Background: Ornithine transcarbamylase deficiency (OTCD) is an X-linked recessive disorder involving a defect in the urea cycle caused by OTC gene mutations. Although a total of 417 disease-causing mutations in OTC have been reported, structural abnormalities in this gene are rare. We here describe a female OTCD case caused by an exonic duplication of the OTC gene (exons 1-6).

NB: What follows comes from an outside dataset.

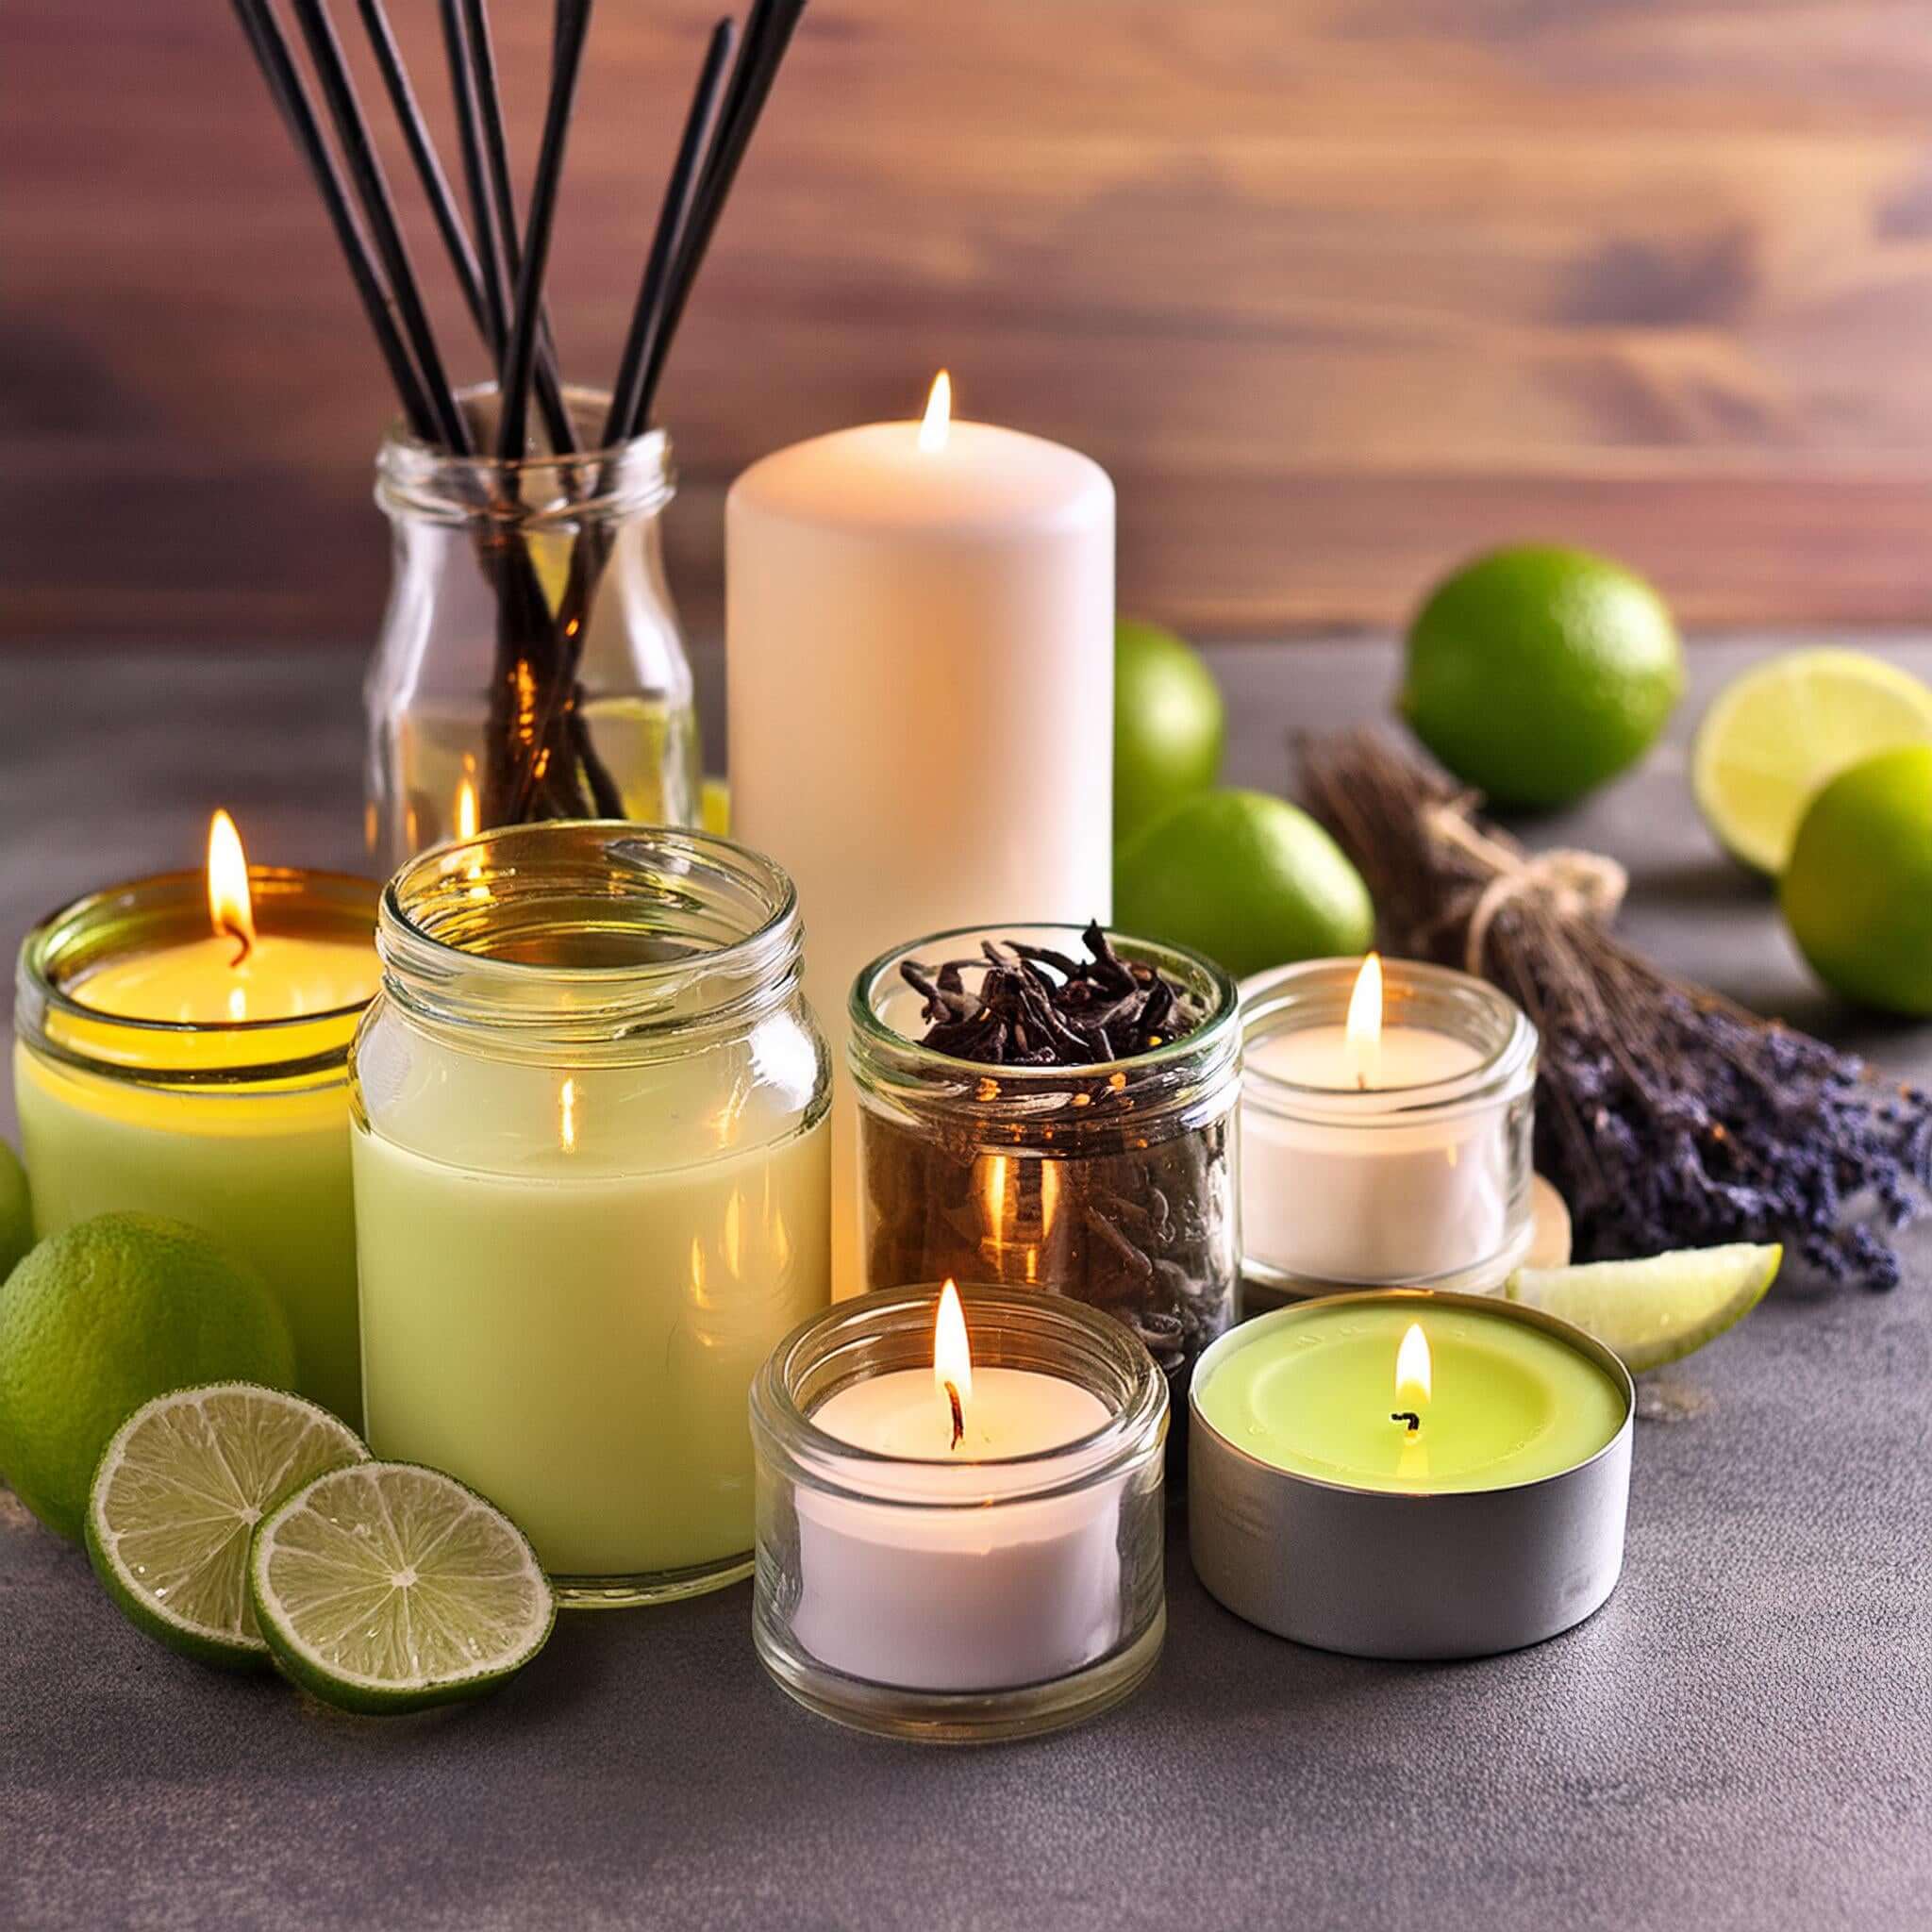 Candle Magic: The Surprising Psychological Power of Scents.

Case presentation: A 23-year-old woman with late-onset OTCD diagnosed by biochemical testing was subjected to subsequent genetic testing. Sanger sequencing revealed no pathogenic mutation throughout the coding exons of the OTC gene, but multiplex ligation-dependent probe amplification (MLPA) revealed duplication of exons 1-6. Further genetic analyses revealed an inversion of duplicated exon 1 and a tandem duplication of exons 2-6. Each of the junctions of the inversion harbored a microhomology and non-templated microinsertion, respectively, suggesting a replication-based mechanism. The duplication was also of de novo origin but segregation analysis indicated that it took place in the paternal chromosome.
Conclusion: We report the first OTCD case harboring an exonic duplication in the OTC gene. The functional defects caused by this anomaly were determined via structural analysis of its complex rearrangements.